Your main character will take decisive action based on the side they choose, demonstrating their commitment to their decision. During or immediately after that decisive action, they can make a statement about why their choice is the right one. This resolves the story with a memorable one-liner and helps make the end feel final.

Example

The commander asks the captive leader whether she still believes in the vow to save lives that she made as a doctor. The captive says she wants to, but she’s violated it so many times. The commander then takes off her restraints, explaining that they were once just a gardener, and they wish they had a chance to go back to that. The commander then holds out their hand for a shake, and the enemy doctor takes it.

Solutions for subjective, internal conflicts can be fuzzy. Make sure the reasoning you use to convince your protagonist to make the right decision actually addresses any false beliefs or emotional issues they have. In this case, the commander needed evidence that the enemy wasn’t evil. Just learning that they are starving, for instance, wouldn’t truly address that.

Depicting a Sad Resolution

Dilemma conflicts are good choices for bittersweet results, but they can also lead to tragedies. If this conflict is in backstory, you may want to inflict senseless tragedy on your protagonist. In that case, reveal that one option is the wrong one, but only after the protagonist has irrevocably chosen it.

Example

The commander’s backstory shows a moment years ago when they had to choose whether to accept a peace offering by the enemy. They lowered their weapon, and then the enemy drew their guns and murdered the commander’s fellows.

On the other hand, if this conflict is the climax of a story, generally it’s better if the protagonist is at fault. In that case, their beginning outlook should be a fatal flaw, and you’ll need to show how that flaw finally overcomes their better judgement.

Example

The commander has an opportunity to make peace and let the doctor treat their son, but instead they decide the doctor is only looking for an opportunity to hurt more people. They draw their gun to kill the doctor, only to be shot dead by the lieutenant, who sees it as the only way to save the son.

Combining Problem Solving With Dilemmas

These two types of internal conflicts go great together, resulting in an even more epic battle. To do that, insert one of these conflicts as a sub-part of the other. Here’s some different formats for doing that.
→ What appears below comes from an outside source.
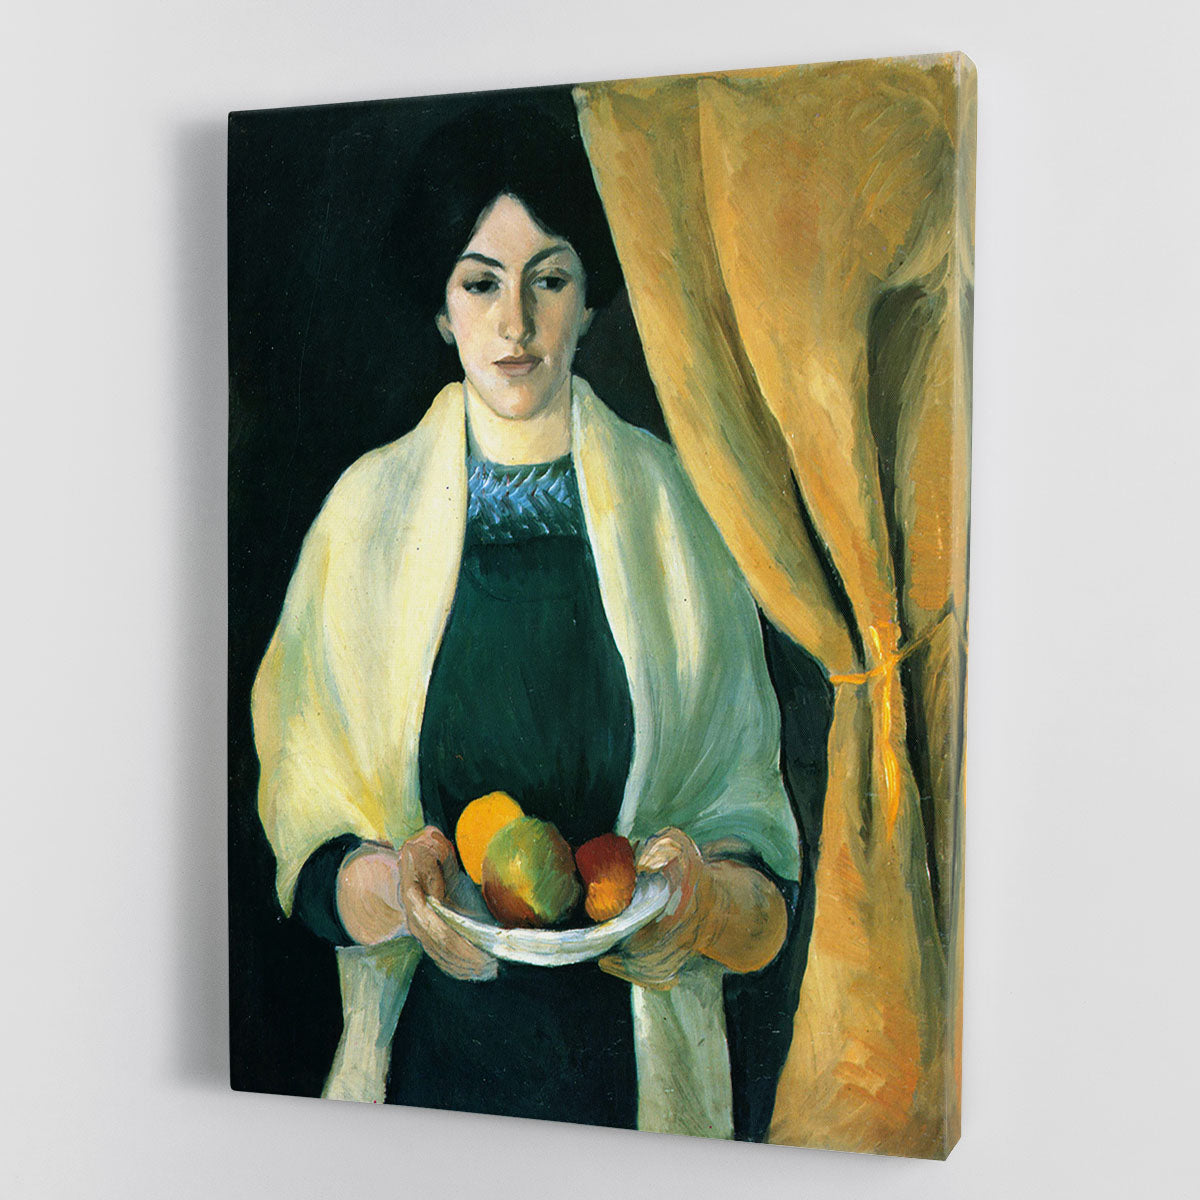 Portrait with apples portrait of the wife of the artist by Macke Canvas Print or Poster - Canvas Art Rocks - 1

A Realization Causes a Personal Crisis

Your protagonist solves a difficult problem or mystery, but they are not prepared for what they find. Their new knowledge contradicts their current outlook, causing a crisis of belief, ending in an internal dilemma.

Example

The partner tells the cop that the killer is a demon and offers some holy water, but the cop doesn’t believe in the supernatural. After the partner dies, the cop puts the pieces together and realizes that a supernatural explanation is the only explanation. The cop has to decide whether to stick with what they know or embrace supernatural methods.
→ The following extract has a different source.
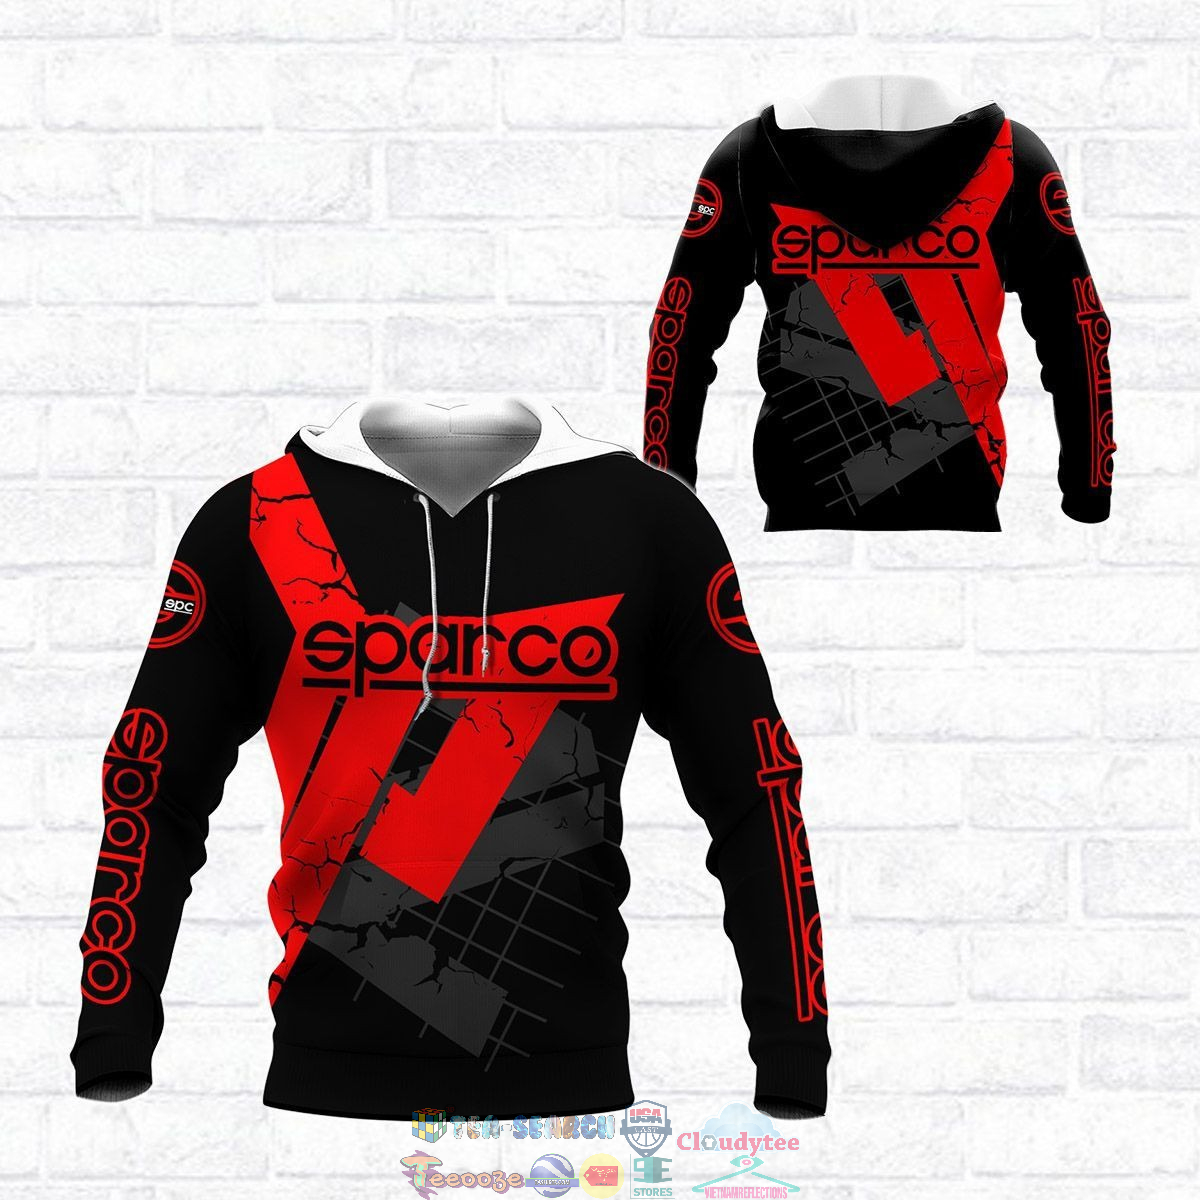 Sparco ver 25 3D hoodie and t-shirt

Personal Growth Leads to a Realization

Your protagonist has failed solve a problem because a personality flaw has compromised their reasoning. They struggle separately with that flaw, face a great dilemma, and finally choose to leave their flaw behind. Soon after, they are rewarded with a sudden realization.

Example

The commander has been seeing more and more drones fly through the sky, sending down missiles that damage settlements. Because they assume the enemy is responsible for these drones, they don’t understand the real cause. After they make peace with the enemy faction, the commander realizes both factions have a common enemy.

A Realization Allows Them to Solve Their Dilemma

Your protagonist is struggling between two options in a difficult dilemma. While they waver between them, they solve a mystery that gives them critical, new information. With that information, they know which option they should choose.

Example

The cop has to decide whether to trust the guidance of Clarissa’s father, a man that knows way too much about the demon. At the moment of their decision, the cop sees a last clue that identifies the demon as Clarissa. The cop then knows her father is a murderer and not to trust him.


Together, external and internal conflicts provide a story that is both riveting and deep. Don’t write one without the other.